Dr Wayne Warburton, who earlier this week told the House of Representatives that violent media can imbed aggression into the subconscious, said the “evidence is mixed” as to how violence in media can influence adults, or more specifically, whether juveniles would adopt aggression-related scripts more readily than adults through prolonged exposure to violent video games.
Speaking on behalf of the Australian Council for Children and Media (ACCM), Warburton told parliament that regular exposure to violent media such as television, film and video games can cause people to overreact to normal situations.
“Given the research evidence it is reasonable to assume that with a high exposure to violent media people will tend to incorporate a growing number of aggression-related concepts and scripts for behaviour in their brain’s neural network,” he said.
“The number of triggers for these concepts and scripts will increase and become more generalised, so that in some cases something as simple as a minor insult could trigger a media learned aggressive response.”
The average age of video game players is 30, according to the Interactive Entertainment Association of Australia.
The ACCM opposes the introduction of the higher classification, which would prevent games which exceed the M15+ rating from being banned by the Office of Film Literature and Classification (OFLC).
Former OFLC deputy director, Paul J Hunt, said in his submission to the discussion paper that “community standards” are not represented by the current regime.

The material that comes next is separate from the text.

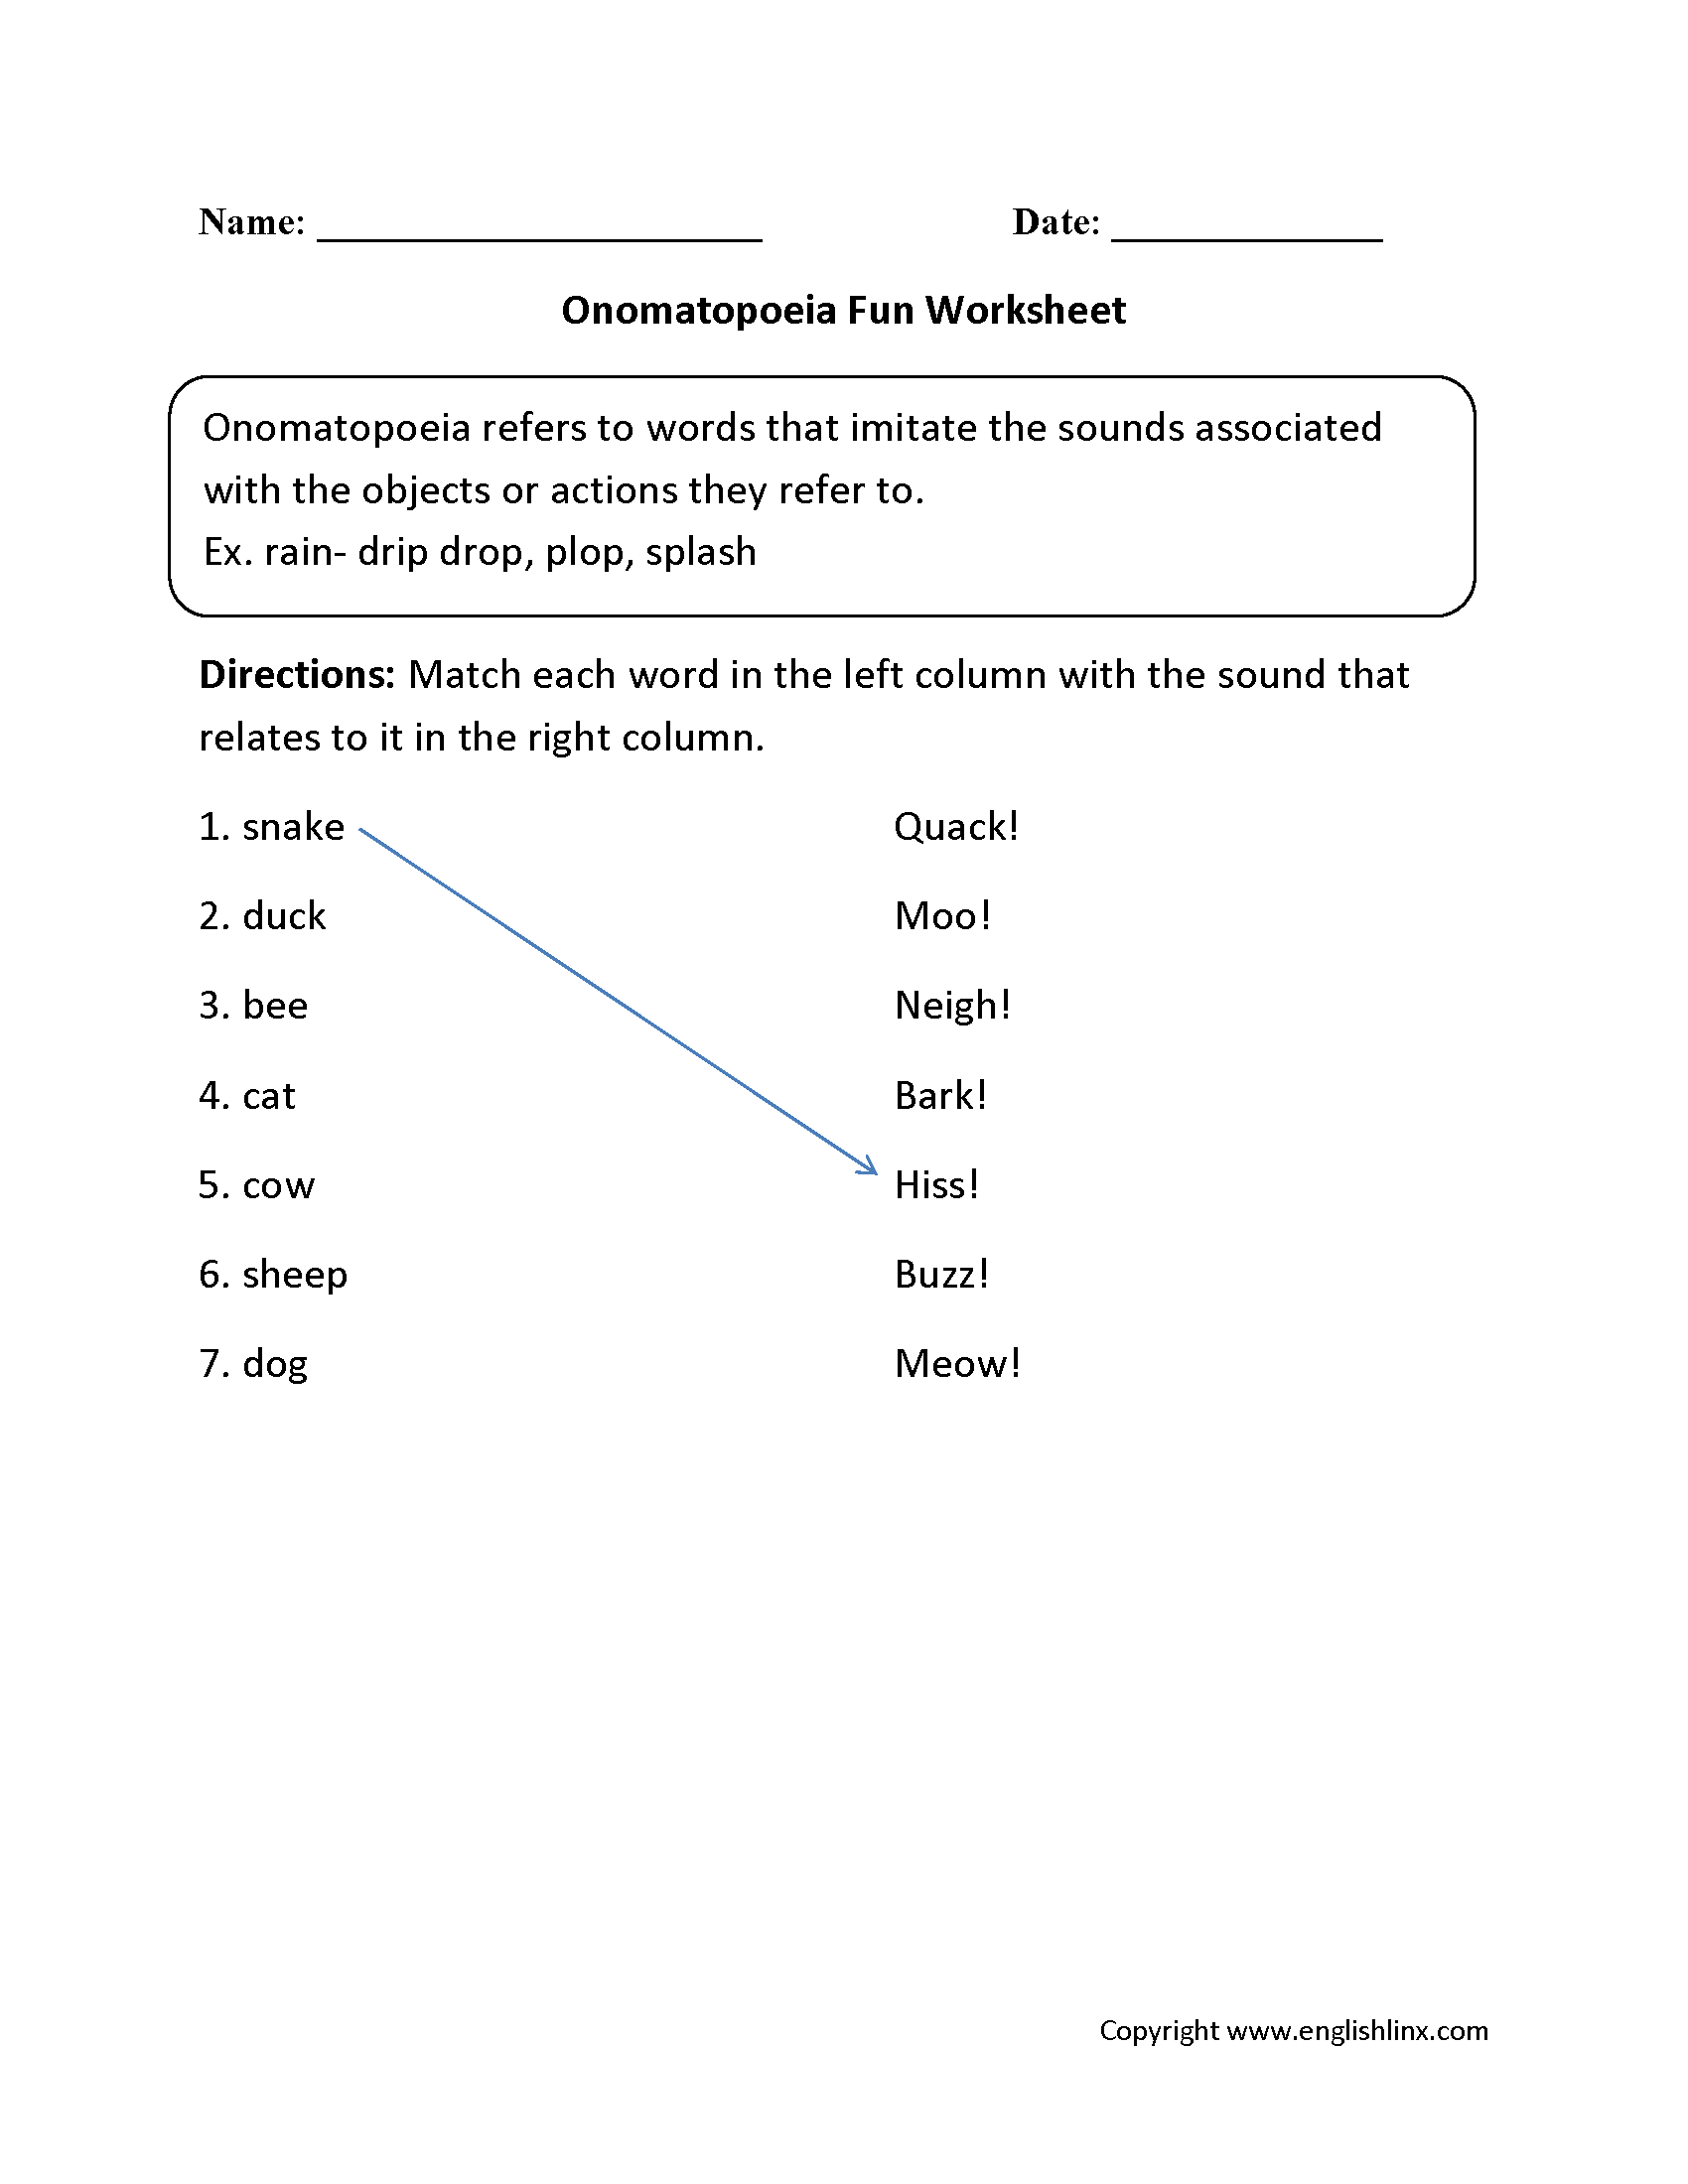 Onomatopoeia Fun with Worksheets

“I was forced to refuse classification… not because I thought that the game depicted, expressed or otherwise dealt with matters of sex, drug misuse or addiction, crime, cruelty, violence or revolting or abhorrent phenomena in such a way that it would offend against the standards of morality, decency and propriety generally accepted by reasonable adults, it was simply because the game was not OK for kids,” Hunt said. “There were a few games, just like films and publications, that were too offensive, and I was comfortable to ban those games – just as I was comfortable banning films and publications. Not being able to restrict computer games to adults was an impediment to my ability to reflect Australian community standards.”